In chapter one, I examine the predictive content of subjective return expectations derived from price targets issued by equity analysts. Equity price targets are an ubiquitous feature of the financial information landscape, but it is not clear how informative they actually are. In this chapter, I show that the cross-section of price-target implied subjective return expectations contains rich informational content for forecasting returns. In-sample, I find that expected returns correlate strongly with average cross-sectional returns to a large panel of portfolios formed on the basis of observable firm characteristics. In out-of-sample exercises, forecasting models using subjective expectations are shown to offer more accurate predictions for portfolio returns than several other commonly employed, cross-sectional predictors, including the book-to-market and dividend-price ratios, momentum, and forward-looking cash-flow measures. Furthermore, these differences are shown to be economically relevant, with conditional portfolios formed on the basis of subjective expectations offering substantially improved risk-adjusted returns compared to many of the other predictors considered. The relative informational content, as well as the production by analysts, of subjective return expectations is found, however, to peak during recessions, with negligible predictive advantage discernible in expansions.

In chapter two, my coauthors (Adam Rej, with CFM; David Thesmar, with MIT, CEPR, and NBER) and I empirically analyze a large panel of firm sales growth expectations. We find that the relationship between forecast errors and lagged revision is non-linear. Forecasters underreact to typical (positive or negative) news about future sales, but overreact to very significant news. To account for this non-linearity, we propose a simple framework, where (1) sales growth dynamics have a fat-tailed high frequency component and (2) forecasters use a simple linear rule. This framework qualitatively fits several additional features of data on sales growth dynamics, forecast errors, and stock returns.

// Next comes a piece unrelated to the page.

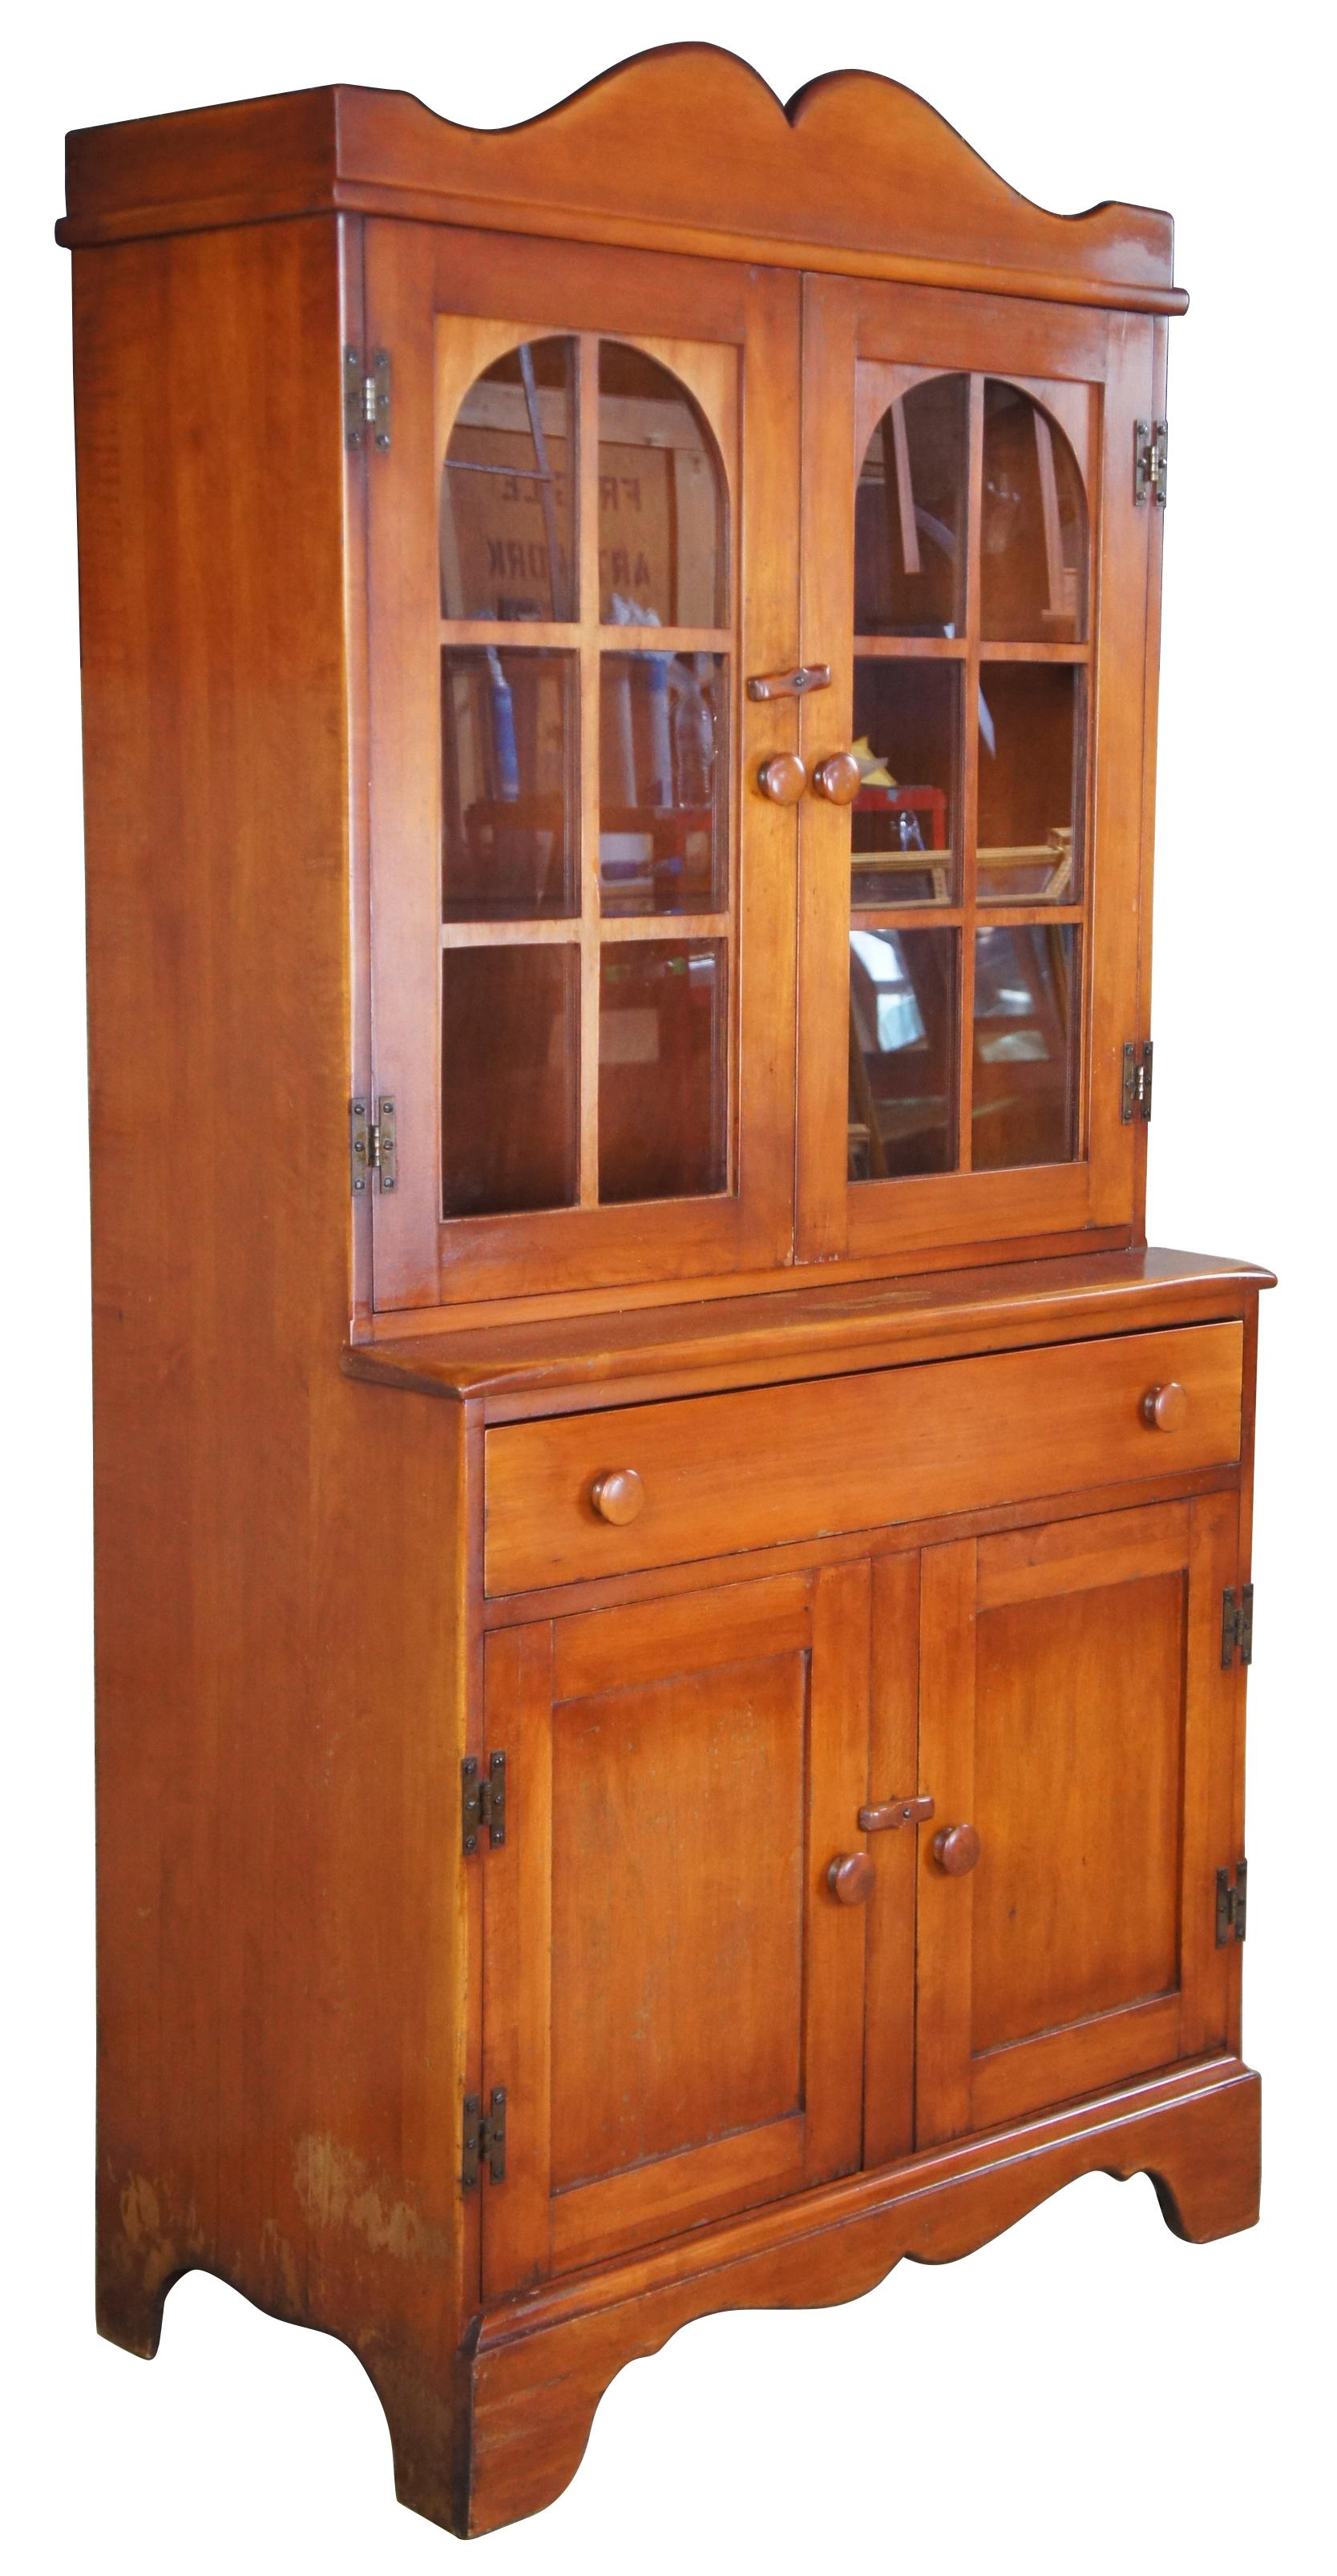 Consider H. Willett No. 1967 China Hutch, Circa 1930s, as seen in their 1939 catalogue. An Early American Reproduction in Wild Cherry. Features 2 upper shelves behind paneled doors, a central drawer and lower cabinet for storage. Consider H wIllett

In chapter three, my coauthor (Ken Teoh, with Columbia) and I construct a novel text-based measure of firm-level attention to macroeconomic conditions and document that stocks associated with higher macroeconomic attention earn lower returns. Moving from the bottom decile to top decile of macroeconomic attention decreases a stock’s average return by 11.6\% per year. We propose a risk-based explanation in which stocks with higher macroeconomic attention contribute less idiosyncratic cash flow risk to the investor’s portfolio, hence earn lower expected returns. Decomposing the unexpected returns of macroeconomic attention-sorted portfolios into cash flow and discount rate news, we find that portfolios with higher macroeconomic attention stocks have lower cash flow risk.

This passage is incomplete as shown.